» WORK REQUEST
Retype the data below exactly; skip every image.
[RAW DATA]
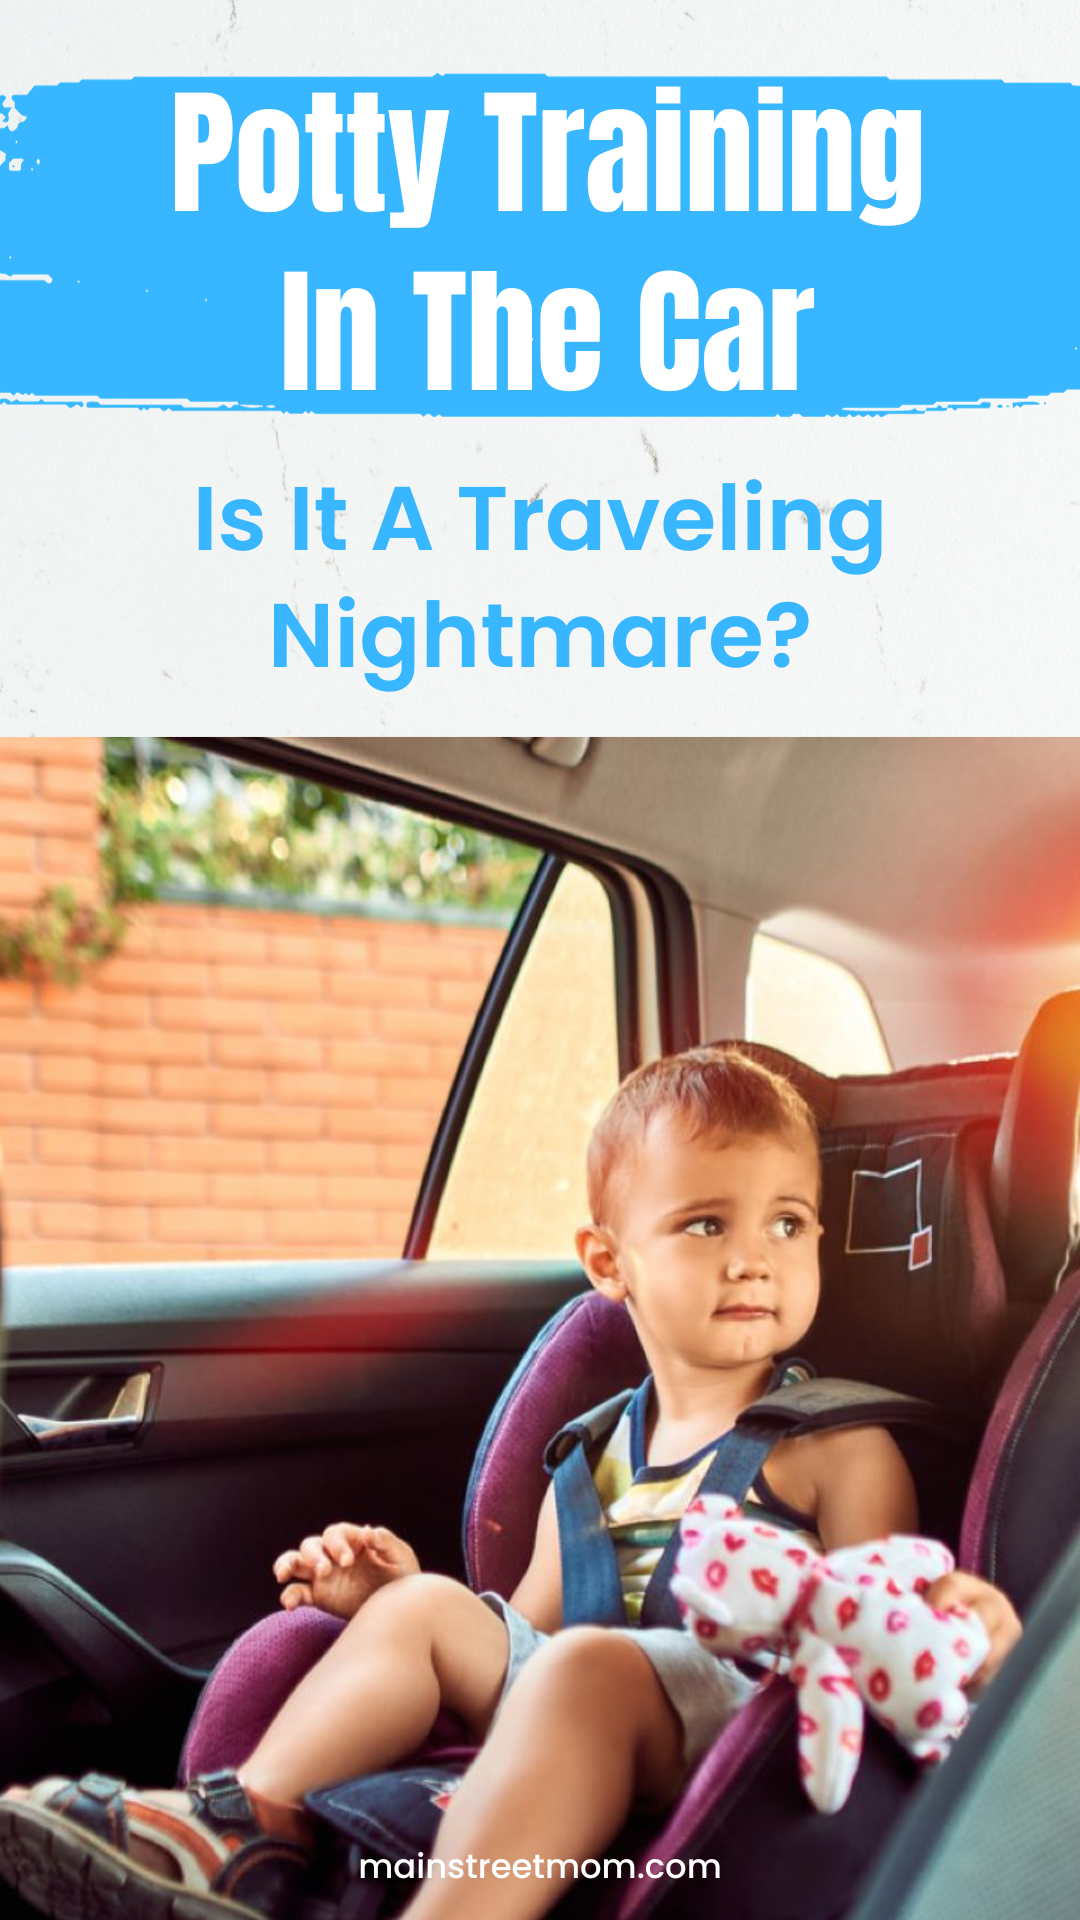 Töpfchentraining im Auto: Ist es ein Alptraum auf Reisen?
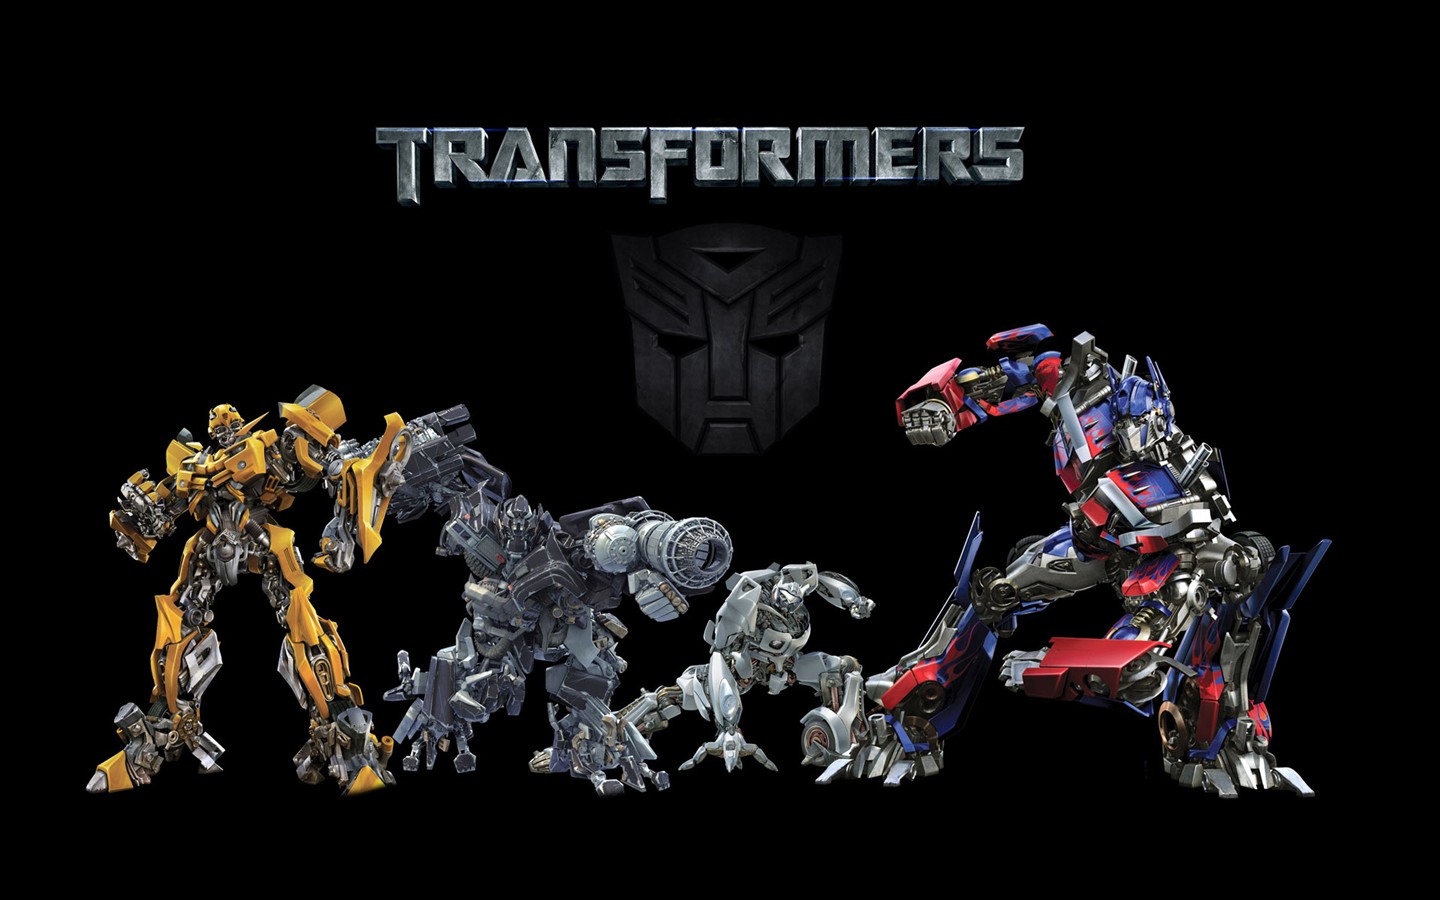 Transformers HD papel tapiz #18 - 1440x900
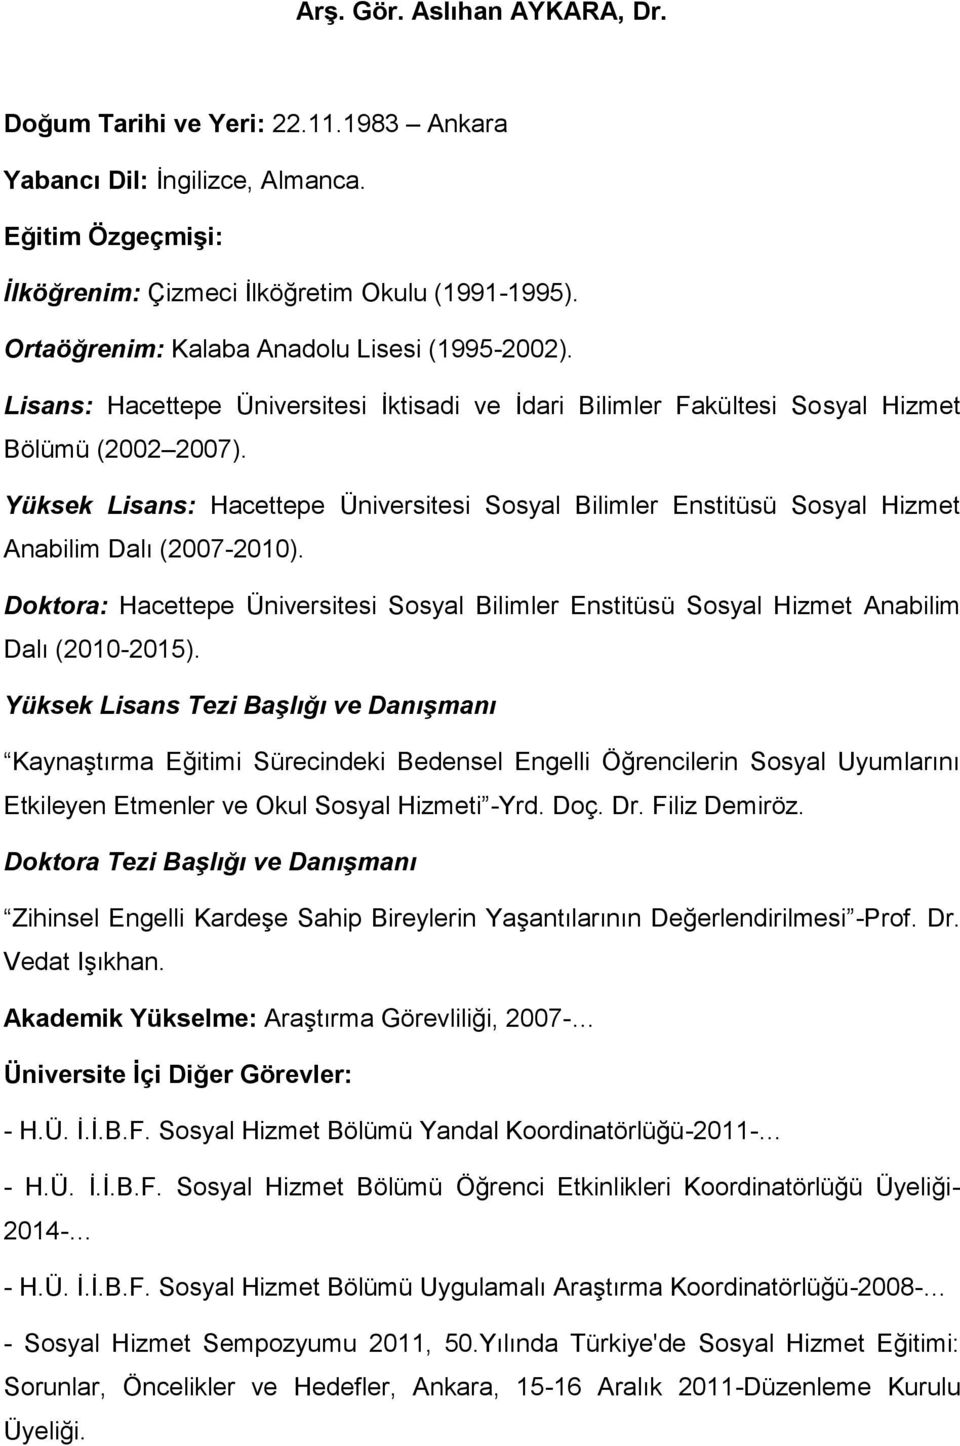 Yüksek Lisans: Hacettepe Üniversitesi Sosyal Bilimler Enstitüsü Sosyal Hizmet Anabilim Dalı (2007-2010).
[/RAW DATA]
» RESULT FOR THIS TASK
 Töpfchentraining im Auto: Ist es ein Alptraum auf Reisen?
 Transformers HD papel tapiz #18 - 1440x900
 Yüksek Lisans: Hacettepe Üniversitesi Sosyal Bilimler Enstitüsü Sosyal Hizmet Anabilim Dalı (2007-2010).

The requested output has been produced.